I compiled the code using the command line I supply with the code, and I do see ld.local instructions in the generated ptx file (see an excerpt from that ptx file attached below the code). Clearly the code sample I’m supplying here is very small, and the overall operation of the program is NoOp, but those local memory spills aren’t optimized out, as indicated by the ptx. I observe the same behavior in my large kernel.

Once I apply some very basic changes to the code (see comments therein), I see the spills disappear, as indicated by the lack of the warning message from the compiler as well as the lack of ld.local instructions in the ptx file.

Would love to hear some opinions about this situation. Thanks!


Save this code as broken-unrolling.cu to use my command line.

// This program demonstrates what seems to be a loop unrolling bug. The bug
// causes loops to not be unrolled in a fairly straightforward code.
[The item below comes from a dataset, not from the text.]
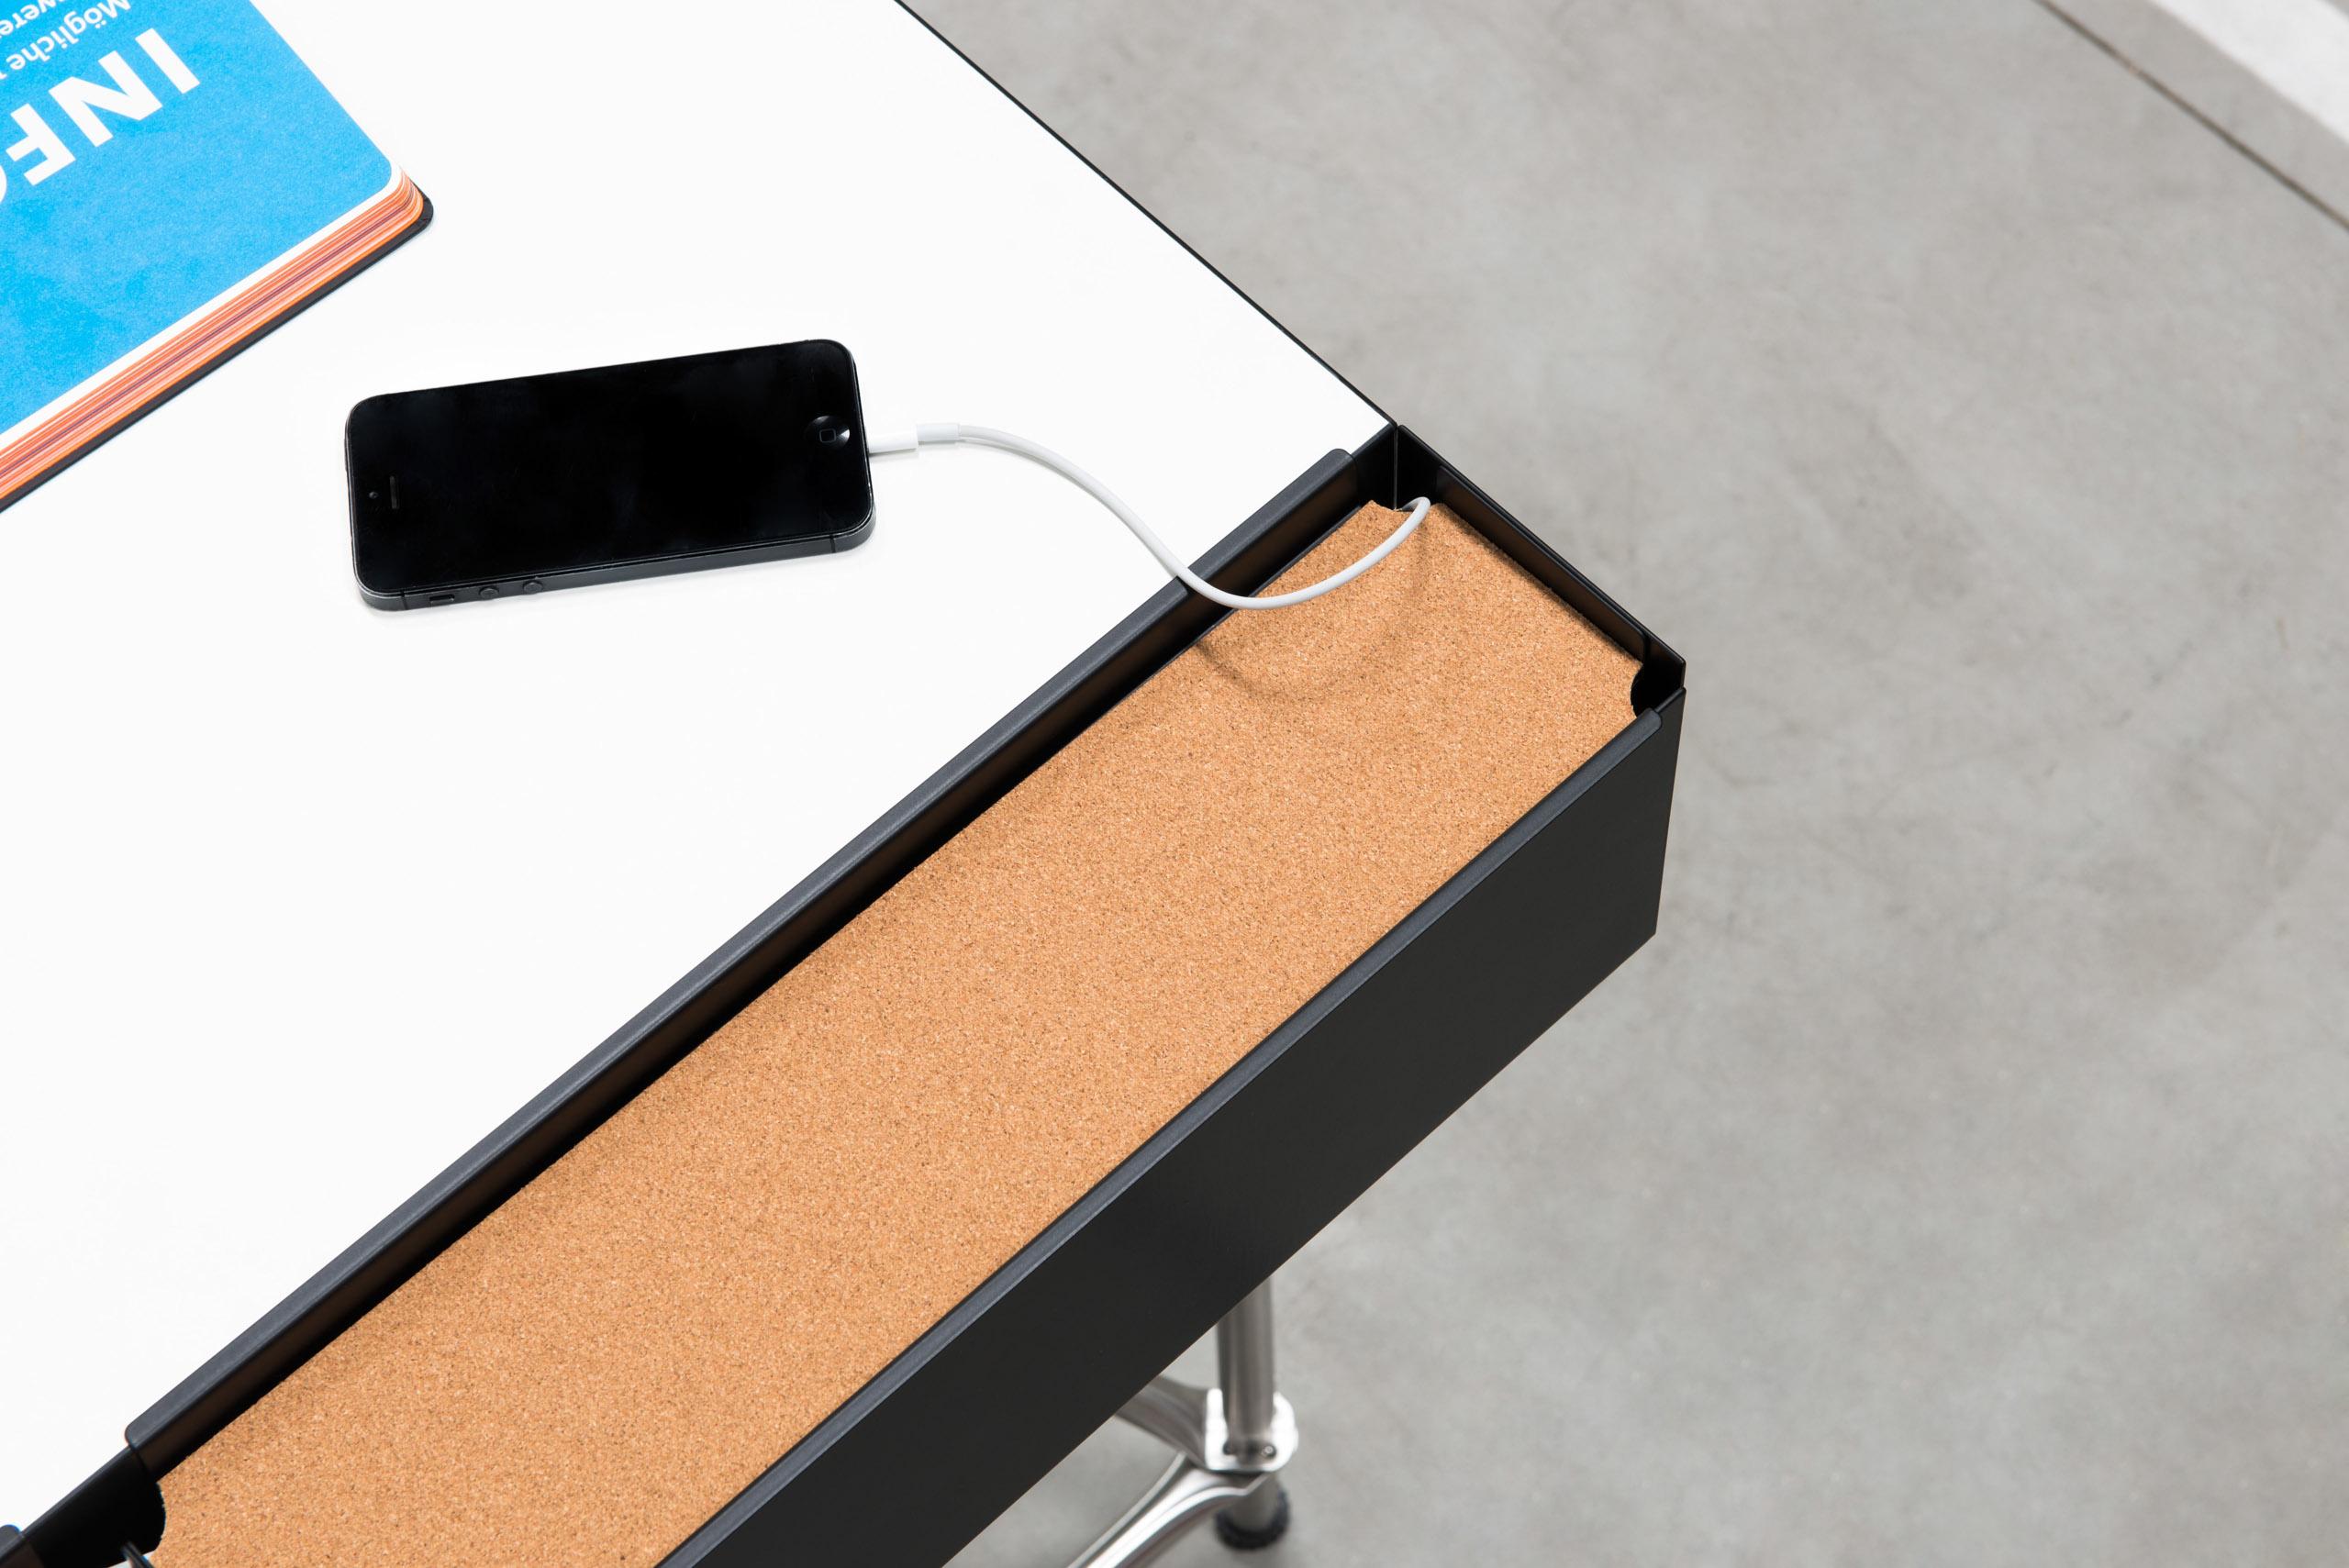 bilder rackpod system 180 modulare einrichtung aus berlin. Black Bedroom Furniture Sets. Home Design Ideas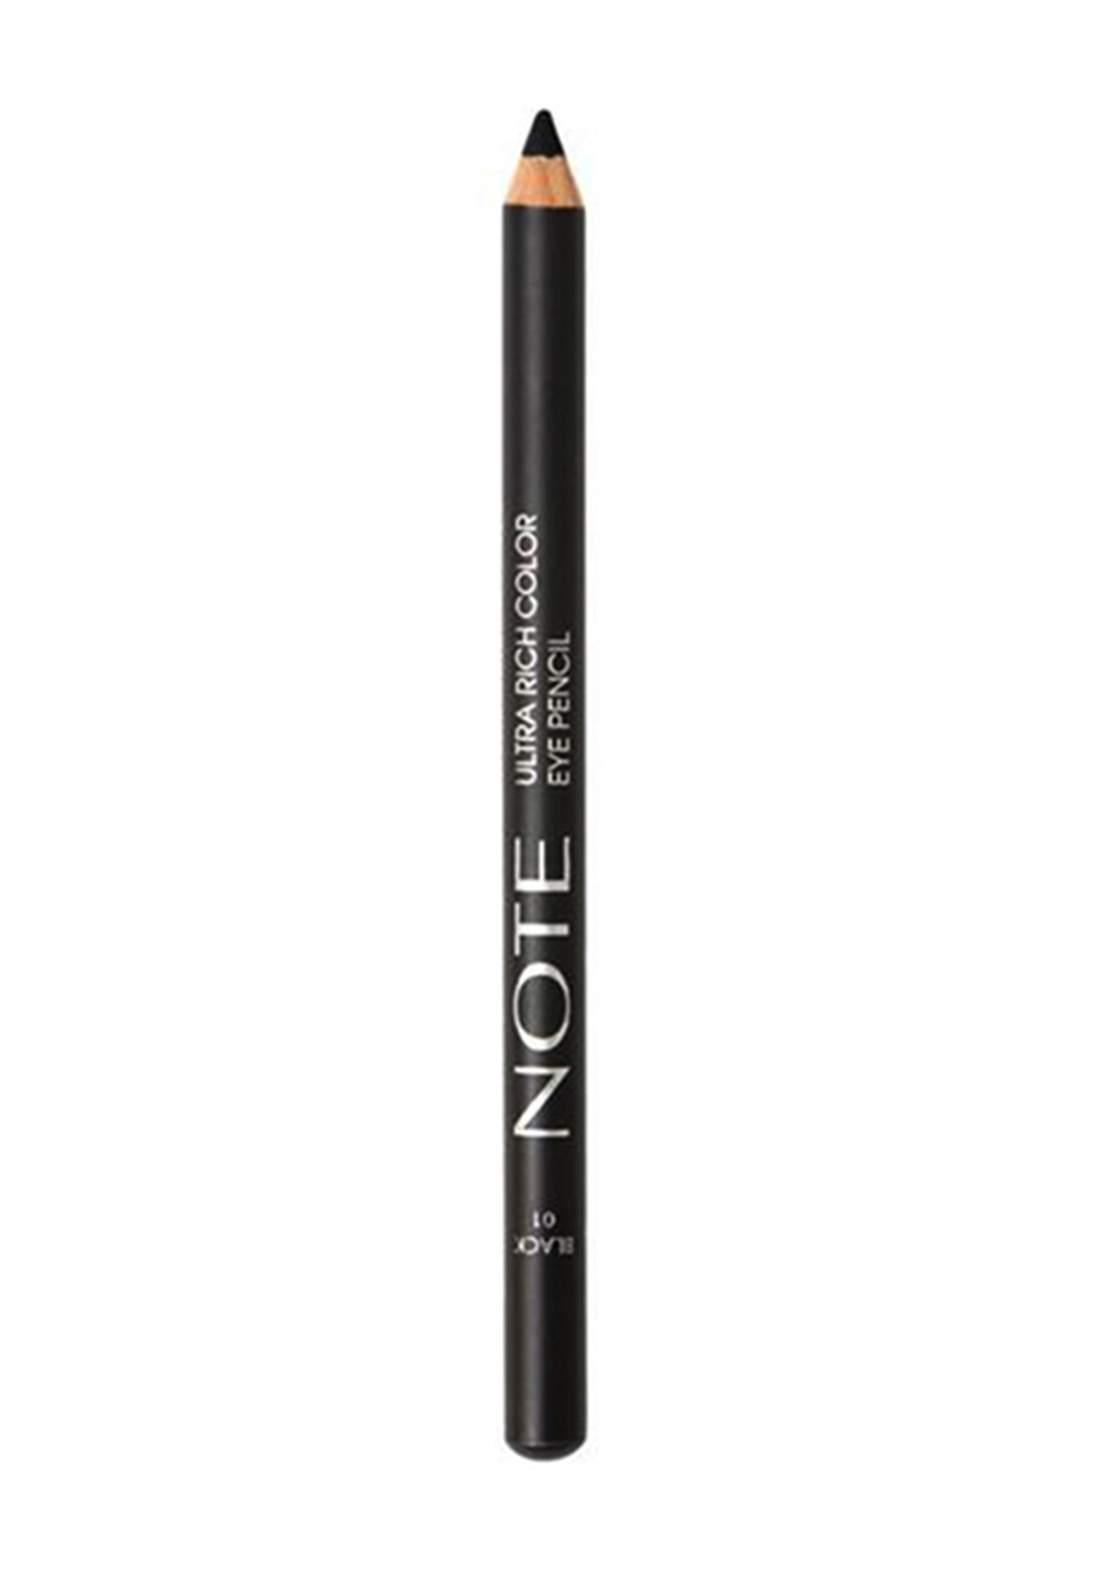 Note Ultra Rich Colour Eye Pencil 01 BLack 1.1g قلم تحديد للعيون

// To build and run (linux):
// $ nvcc -keep -O3 -g -lineinfo -gencode arch=compute_50,code=sm_50 -Xcompiler "-Wall -Wextra -Wno-unused -Werror -fno-strict-aliasing" -Xptxas "-v-warn-lmem-usage -warn-spills" -o broken-unrolling.bin broken-unrolling.cu && ./broken-unrolling.bin

// Optput of the above command (Note warning message in the first line of the
// output):
// ptxas warning : Local memory used for function '_Z4kernv'
// ptxas info    : 0 bytes gmem
// ptxas info    : Compiling entry function '_Z4kernv' for 'sm_50'
// ptxas info    : Function properties for _Z4kernv
//     144 bytes stack frame, 0 bytes spill stores, 0 bytes spill loads
// ptxas info    : Used 9 registers, 320 bytes cmem[0], 24 bytes cmem[2]
//   Kernel launch success, status = 0
//   Thread sync success, status = 0

// Toolset version:
// $ nvcc --version
// nvcc: NVIDIA (R) Cuda compiler driver
// Copyright (c) 2005-2017 NVIDIA Corporation
// Built on Fri_Sep__1_21:08:03_CDT_2017
// Cuda compilation tools, release 9.0, V9.0.176

#include <stdio.h>

extern __shared__ int sharedMem[];

const int ITERATIONS = 10;

__global__ void kern(void) {

  // Constant 6 below results in local storage, while constant 5 doesn't.
  const int DIM = 6;

  float arr[DIM][DIM];

  for (int iter = 0; iter < ITERATIONS; ++ iter) {

    // Copy one row number iter from matrix arr into sharedMem.
#pragma unroll
    for (int i = 0; i < DIM; ++ i)
#pragma unroll
      for (int j = 0; j < DIM; ++ j)
	// Logical operator == below results in local storage, while != doesn't.
	if (i == iter)
	  sharedMem[j] = arr[i][j];

  }
}

int main(int argc, char** argv) {

  // Launch with some shared memory.
  kern<<<1, 1, 100>>>();

  cudaError_t status = cudaGetLastError();
  
  if (status == cudaSuccess)
    printf("Kernel launch success, status = %i\n", status);
  else
    printf("Kernel launch failure, status = %i, error: %s\n",
	   status, cudaGetErrorString(status) );

  status = cudaThreadSynchronize();

  if (status == cudaSuccess)
    printf("Thread sync success, status = %i\n", status);
  else
    printf("Thread sync failure, status = %i, error: %s\n",
	   status, cudaGetErrorString(status) );

  return 0;
}

Here’s an excerpt from my ptx file:

BB0_13:
        .loc 1 47 4
        ld.local.v2.f32         {%f61, %f62}, [%rd6];
        cvt.rzi.s32.f32 %r34, %f61;
        ld.local.v2.f32         {%f64, %f65}, [%rd6+8];
        ld.local.v2.f32         {%f66, %f67}, [%rd6+16];
        st.shared.u32   [sharedMem], %r34;
        cvt.rzi.s32.f32 %r35, %f62;
        st.shared.u32   [sharedMem+4], %r35;
        cvt.rzi.s32.f32 %r36, %f64;
        st.shared.u32   [sharedMem+8], %r36;
        cvt.rzi.s32.f32 %r37, %f65;
        st.shared.u32   [sharedMem+12], %r37;
        cvt.rzi.s32.f32 %r38, %f66;
        st.shared.u32   [sharedMem+16], %r38;
        cvt.rzi.s32.f32 %r39, %f67;
        st.shared.u32   [sharedMem+20], %r39;
        bra.uni         BB0_14;

A few things you could try (standalone and in combination)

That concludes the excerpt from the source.